JUDGMENT
K.K. Usha, J.
1. This is an appeal from the order passed by the Company Law Board, Southern Region Bench, Chennai, in an application filed by the appellant. The appellant is a depositor in St. Mary’s Finance Ltd. (hereinafter referred to as “the company”). He made an application under Section 45QA(2) of the Reserve Bank of India Act, 1934 (hereinafter referred to as “the Act”), contending that the company failed to repay the deposit with interest therein as per the details furnished in the application. The Company Law Board, by its order dated May 24, 1999, took the view that since an application under Section 391 of the Companies Act filed by the company is pending before this court, it would not be appropriate for the Board to pass any order on the application till the disposal of the same. It was observed that if this court sanctions the scheme, then the applicant before the Board would be bound by the scheme and if, for any reason, this court does not approve the scheme, it is open to the applicant to move the Company Law Board for appropriate actions.
2. It is contended by learned counsel for the appellant that the Company Law Board has abdicated its jurisdiction under Section 45QA and it is under a misapprehension that when an application under Section 391 is pending before this court, no orders can be passed under Section 45QA of the Act.

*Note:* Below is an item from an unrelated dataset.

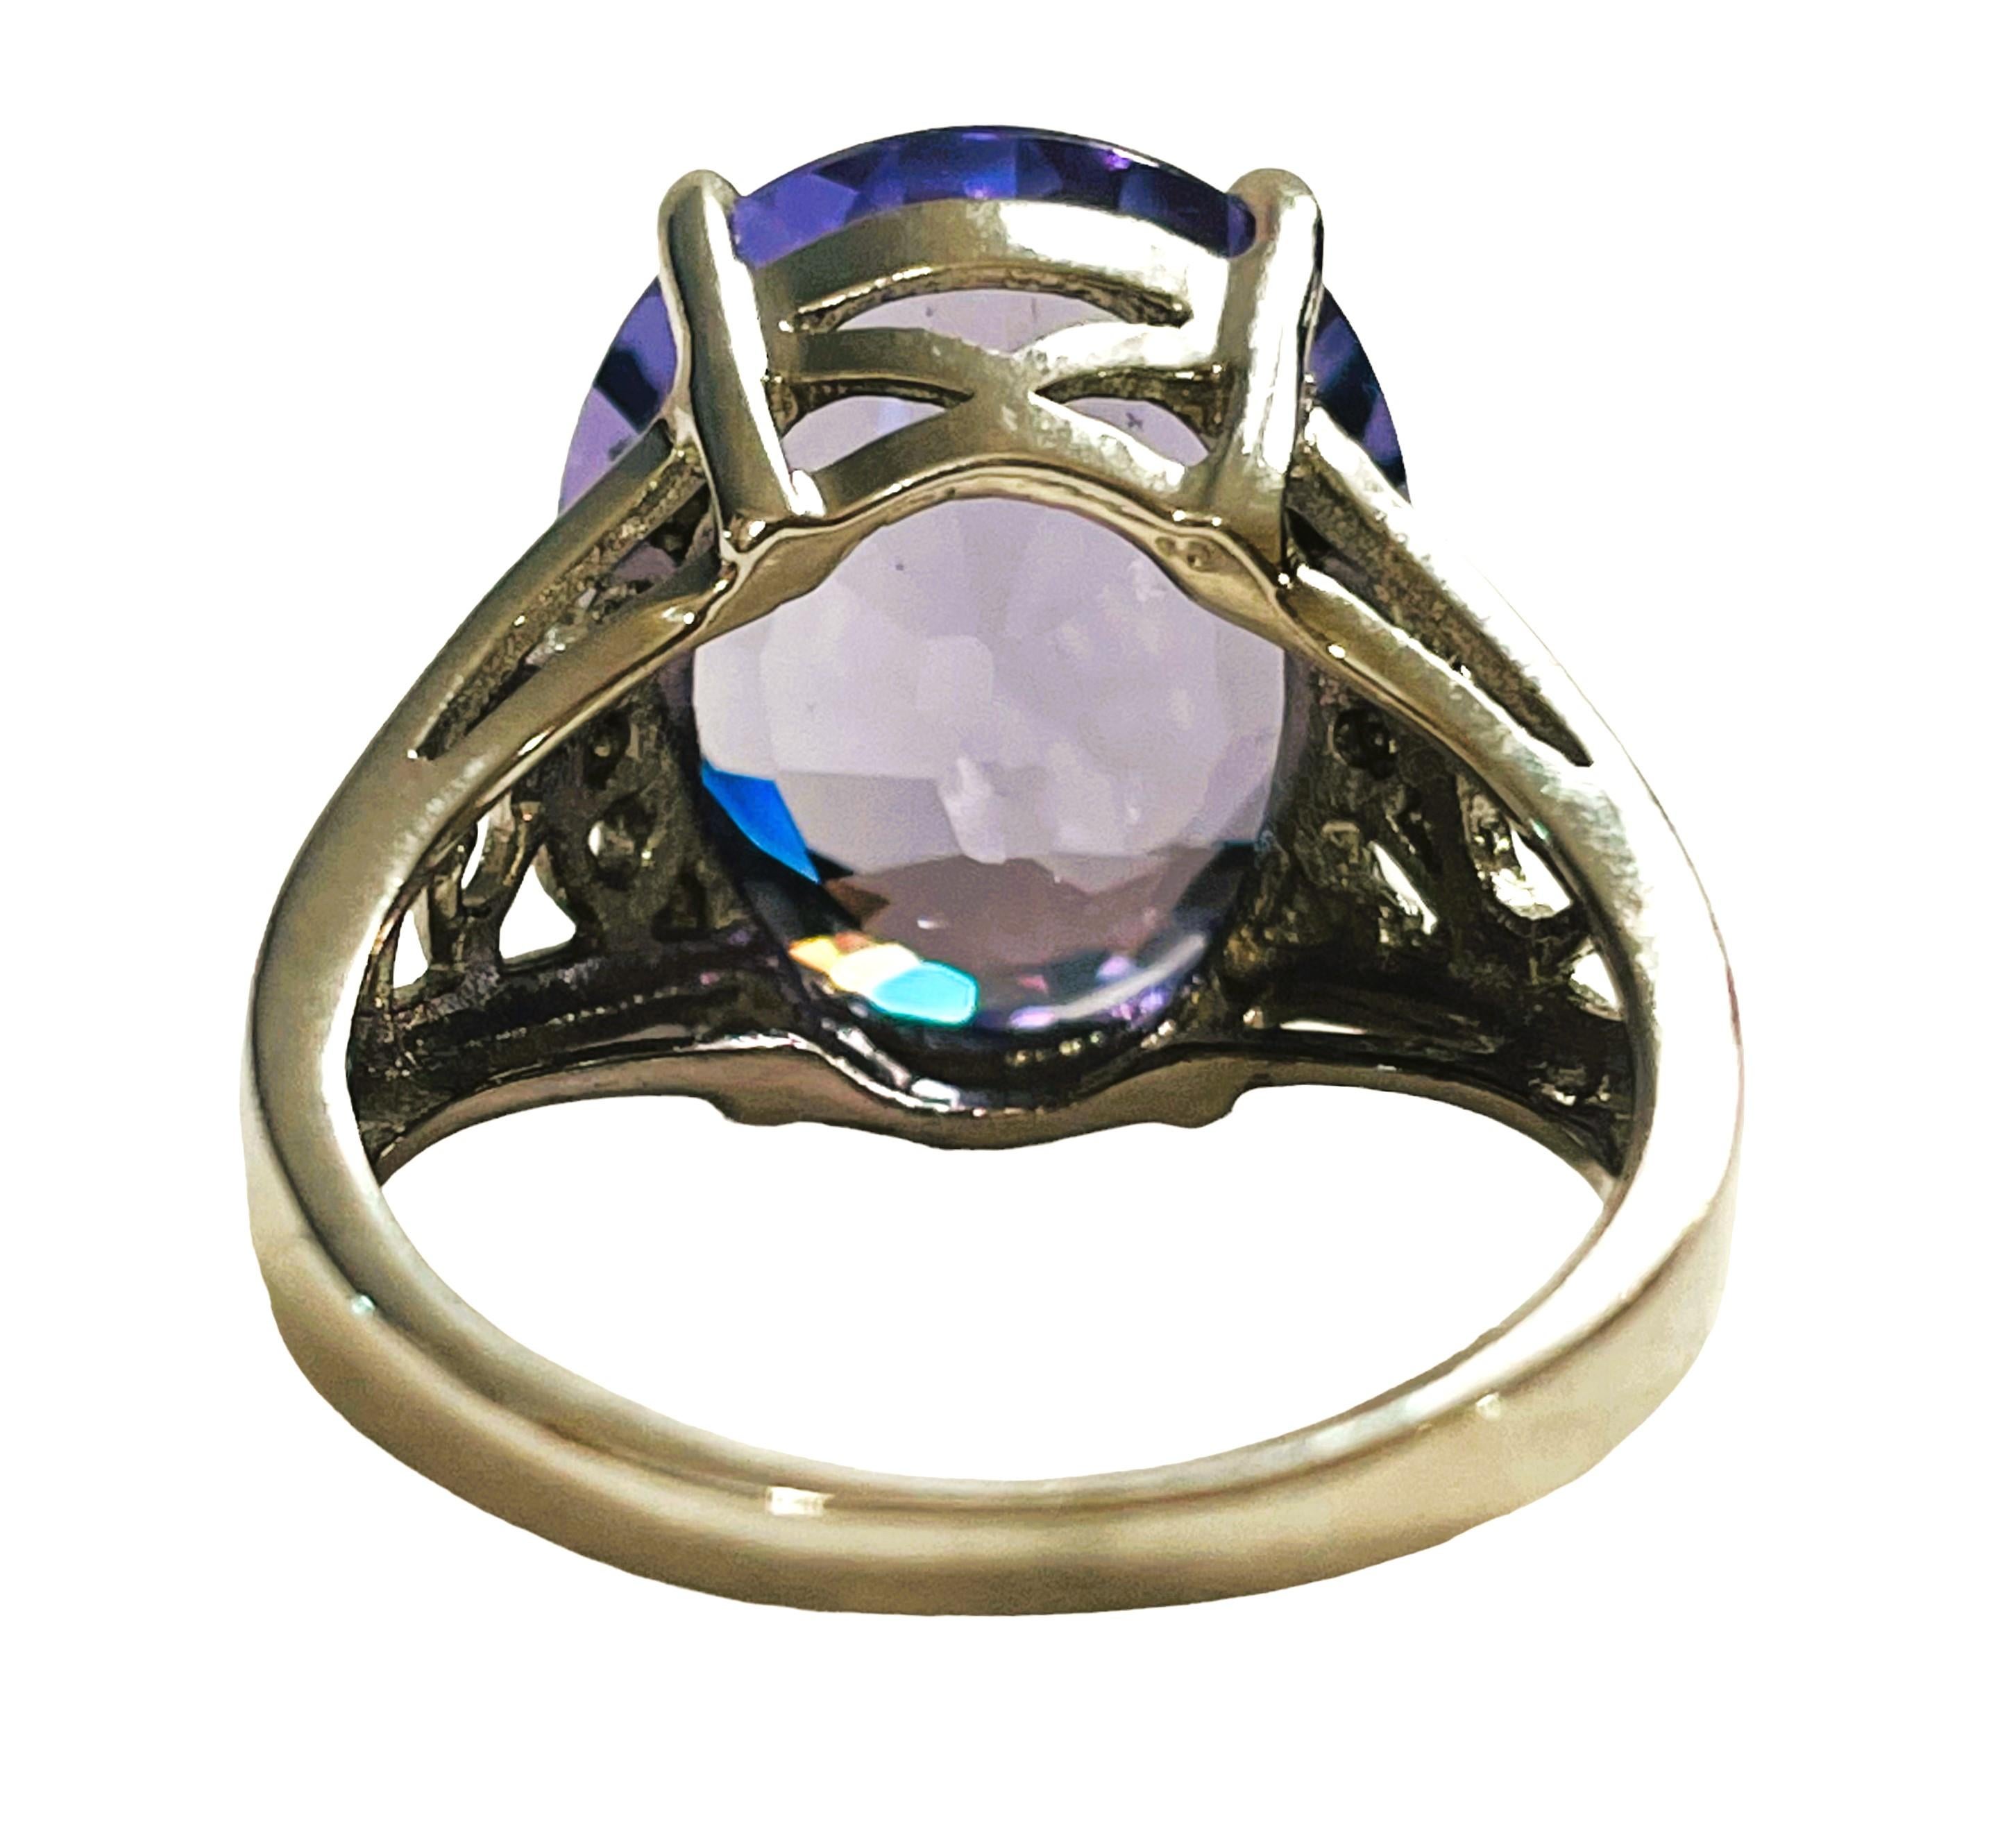 Oval Cut New Free of Inclusions African Blue Purple Spinel & Sapphire Sterling Ring 5.75

3. We do not find any merit in this contention. On going through the order under challenge, we find that even though there is a reference to the overriding effect of the provisions contained under Chapter IIIB in the light of Section 45QA as a matter of fact, the Board has considered the application on the merits under Section 45QA. Sub-section (2) of Section 45QA reads as follows :
“Where a non-banking financial company has failed to repay any deposit or part thereof in accordance with the terms and conditions of such deposit, the Company Law Board constituted under Section 10E of the Companies Act, 1956 (1 of 1956), may, if it is satisfied, either on its own motion or on an application of the depositor, that it is necessary so to do to
safeguard the interests of the company, the depositors or in the public interest, direct, by order, the non-banking financial company to make repayment of such deposit or part thereof forthwith or within such time and subject to such conditions as may be specified in the order :
Provided that the Company Law Board may, before making any order under this sub-section, give a reasonable opportunity of being heard to the non-banking financial company and the other persons interested in the matter.”
4. It is clear from the above provision that while considering an application under Section 45QA, the Company Law Board has to take into consideration the necessity to safeguard the interest of the company and the depositors. It is necessary to look into public interest also. The power given under Sub-section (2) of Section 45QA is in the nature of a discretionary power to be exercised taking into consideration all the abovementioned aspects. A reading of paragraph 5 of the impugned order would show that the Company Law Board took into consideration the pendency of the proceeding under Section 391 of the Companies Act, before the High Court and the ultimate effect of an order to be passed by the High Court in an application on all the creditors including the applicant and also the company. It took into consideration the effect of such a scheme on all creditors including judgment-creditors and even on decrees passed before the scheme of composition was accepted by the court. We are of the view that reference to the proceeding under Section 391 is not an irrelevant consideration. In examining the question whether an individual application filed by a creditor is to be separately considered and relief granted, it is only just and proper for the Company Law Board to have taken into consideration the pendency of a proceeding under Section 391 of the Companies Act before this court. Therefore we are of the view that while exercising discretionary power under Section 45QA, the Company Law Board has not taken into consideration any irrelevant factor. Under these circumstances, the order passed cannot be described as one which is vitiated by any error of law or one passed in abdication of its jurisdiction under Section 45QA. The interest of the applicant had been further protected by the Company Law Board by observing that she is at liberty to move the Board, if, ultimately, the scheme is not approved by the High Court.
5. We find no merit in this appeal. In the result, the appeal fails and it stands dismissed.